Taming Monoliths without Microservices

You can also see the slides on SpeakerDeck.

This talk is an adaption of a talk I gave at GoRuCo 2018. This talk tells the story of a growing engineering organization continuously adding structure to their large Rails codebase.

The talk concludes with 4 concrete tactics you can employ in your day job to help ease the transition to a more modular world.

Part I: About Me

My name is Kelly Sutton, I work as a software engineer in San Francisco. I live with my fiancé, Amelie, and our dog, Greta. I work for a company called Gusto, which does payroll, benefits, and HR software for small businesses.

Gusto serves about 1% of small businesses in the US. We operate mostly out of a single monolith and have over 80 engineers. The platform moves more than $1 billion per month for tens of thousands of businesses.

Payroll software is a careful combination of time, geography, money, and people. Folks need to be paid on time for the time they worked. Single tax jurisdictions can be as small as a city block, or as large as the country. Employees need to be paid accurately to the cent, otherwise the you’ll make the IRS unhappy.

Finally, all of this is being run by people. We are all human and to be human is to make mistakes. A payroll system must be designed to be malleable, and to be able to correct mistakes.
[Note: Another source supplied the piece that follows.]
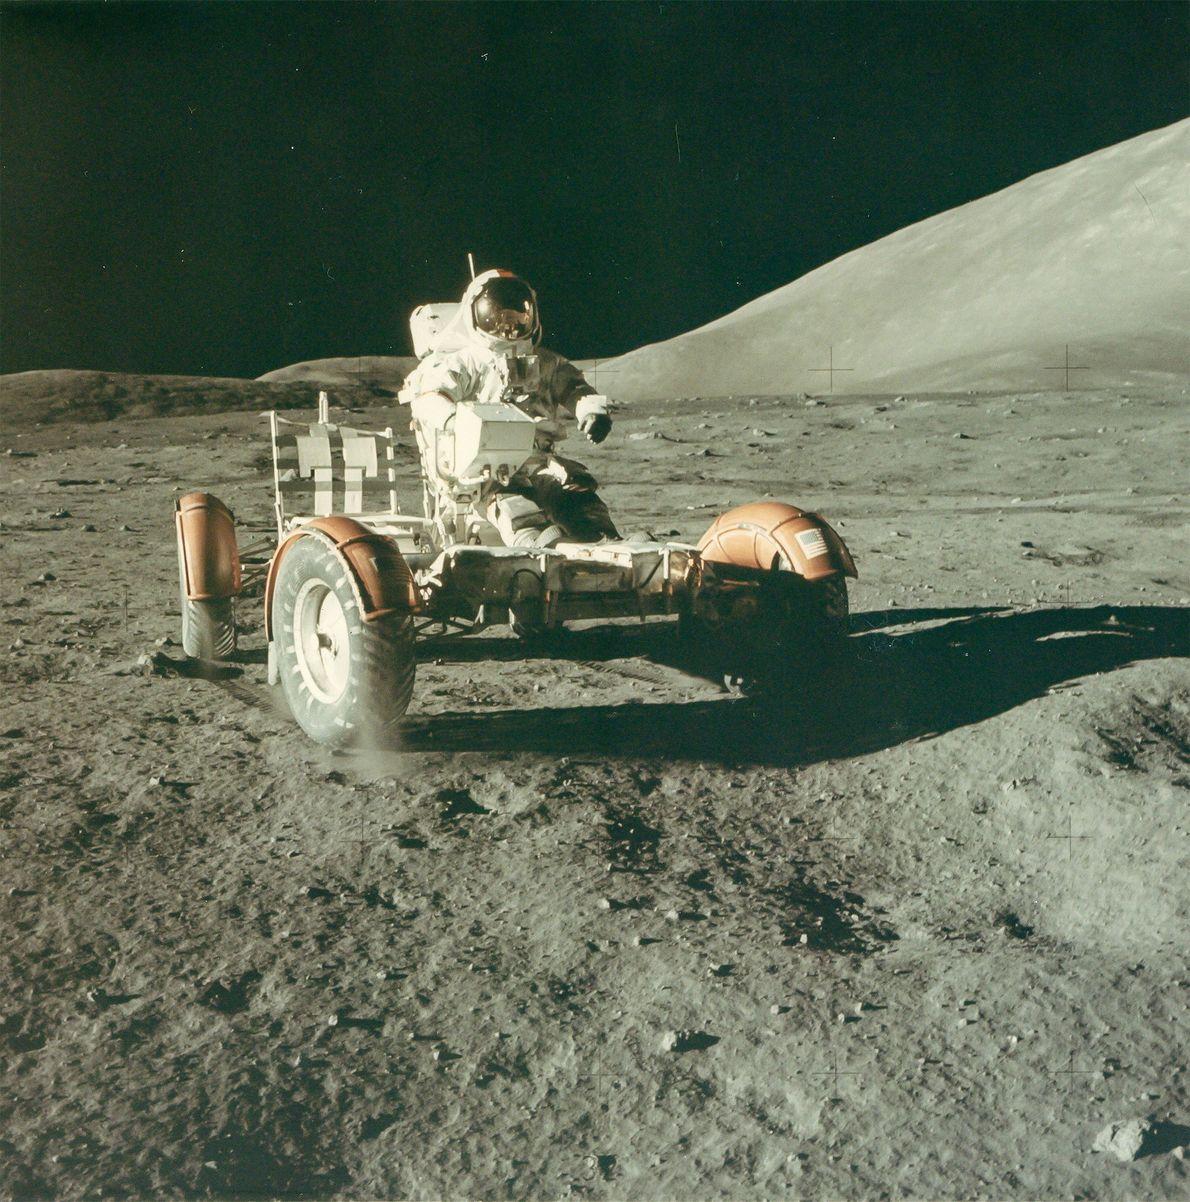 Astronaut Eugene Cernan tests the lunar rover on the moon. His Apollo 17 partner Harrison Schmitt ...
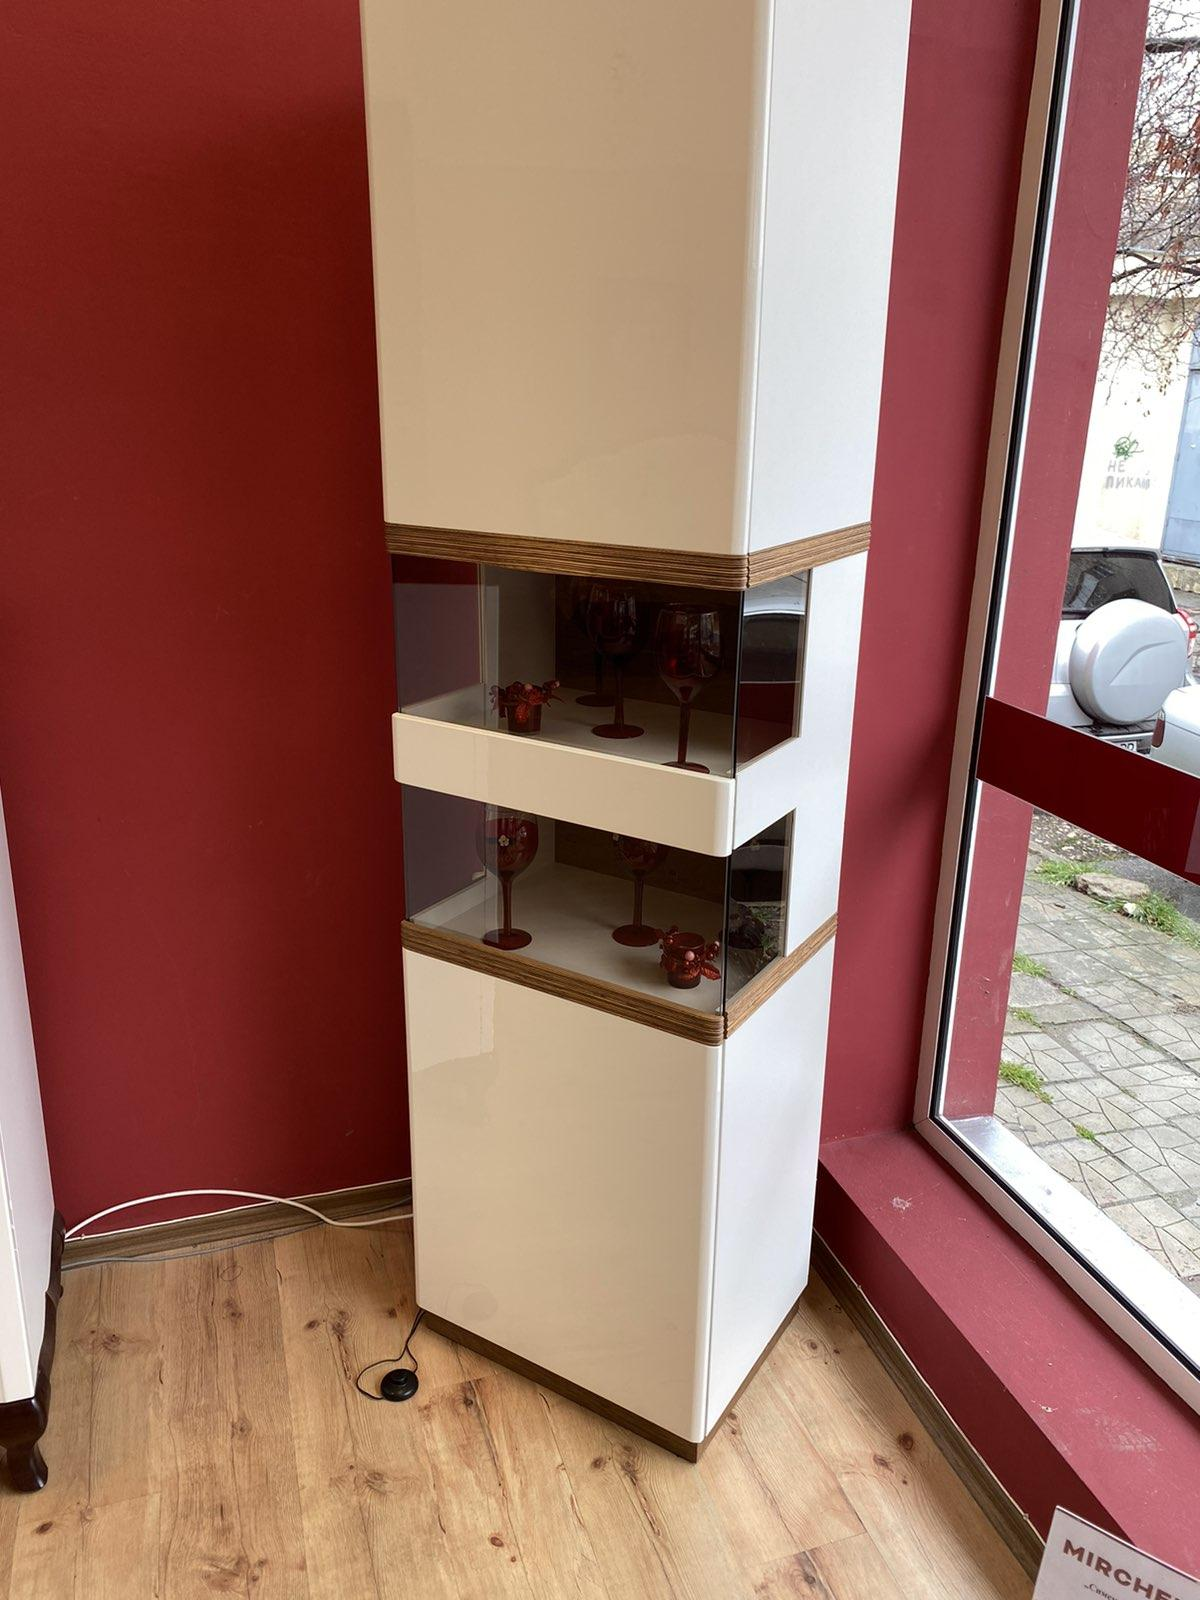 Единична витрина - CM-W1/2 Como - арт мебели естествено дърво

Which brings us to an important caveat in this talk: Gusto might make different tradeoffs than your business. One of the biggest tradeoffs we make is the tradeoff between correctness and performance. We will always choose accuracy and precision over speed. This comes into play when modeling our data or choosing caching schemes.

Every business is different, so some of the things ahead may not apply to you.

Part II: Breaking the Monolith

Before we discuss how to break a monolith, we need to describe it. I like to call a large monolith a Swamp. You may know it as the Ball of Mud.

I find Swamp a better terminology, because it is something you’re in. A Ball of Mud is something that is just over there, on a pedastal. As you work in a Swamp, things become slower and slower. What used to take milliseconds now takes seconds. What used to take seconds now takes minutes.

Here’s what our Swamp looks like. It’s all in the same monolith with different parts in charge of Payroll, Benefits, HR, and general Infrastructure.

The seams between each of these domains is fuzzy. Models and database tables are shared. None of the interaction patterns are well-defined. Oftentimes you just reach directly into the other domain’s tables if you need information from them.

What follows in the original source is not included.